The Billings Gazette reports that Senator Conrad Burns’ reasoned, calm criticism of America’s Favoritest Heroes Evah (aka “firefighters”) was, in fact, a little more strongly worded (and blasphemous) than the official report indicated:
“See that guy over there? He hasn’t done a God-damned thing. They sit around. I saw it up on the Wedge fire and in northwestern Montana some years ago. It’s wasteful. You probably paid that guy $10,000 to sit around. It’s gotta change.”

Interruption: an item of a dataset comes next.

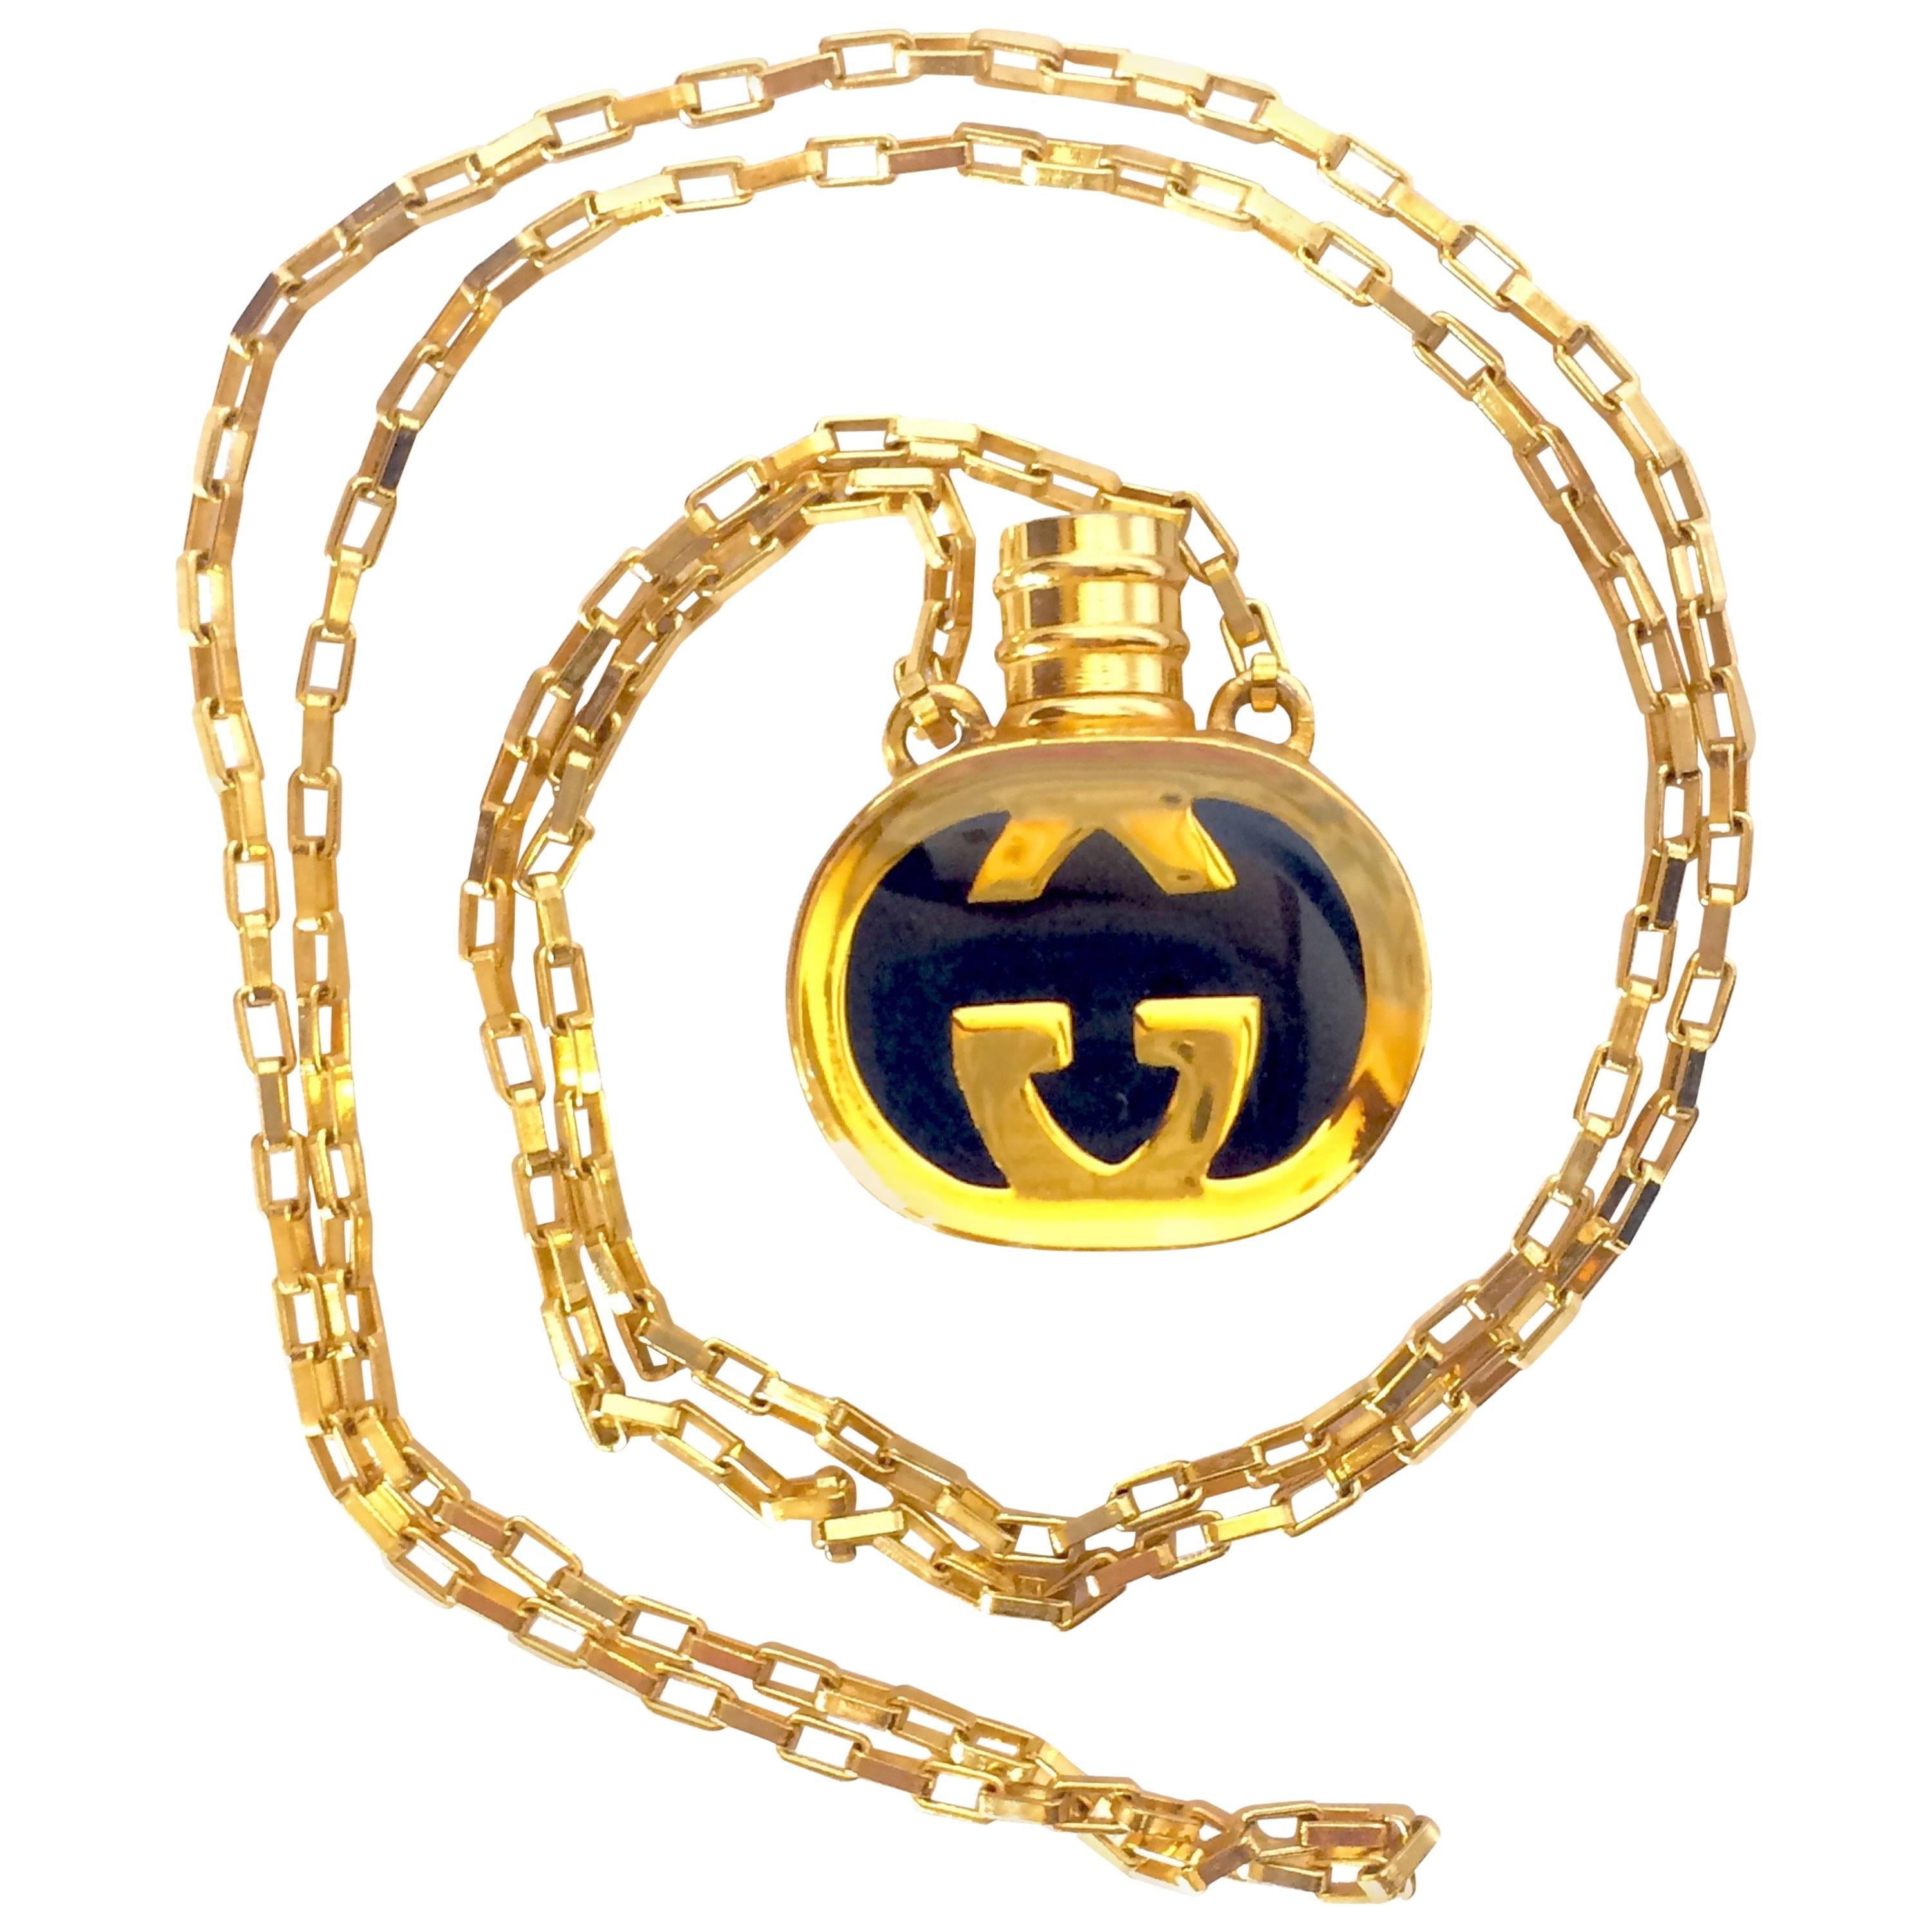 Vintage Gucci gold and navy round shape perfume bottle necklace with logo mark.

And the LAPD confirms that popular entertainer/martyr Mel Gibson blamed the Tribe for getting him drunk and giving him the keys:
‘I’m going to fuck you. You’re going to regret you ever did this to me.'” Then, Gibson “blurted out a barrage of anti-Semitic remarks about ‘Fucking Jews.’ Yelled out ‘The Jews are responsible for all the wars in the world.’ Then asked, ‘Are you a Jew.’
Sure, Mel isn’t really a political figure, but we still think his views on world affairs are worthy of just about as much respect and consideration as those of, say, Fred Barnes.
Unfortunately, like Fred Barnes and unlike Conrad Burns, we can’t vote out Mel. And even if we could, we’d just end up with Bruce Willis.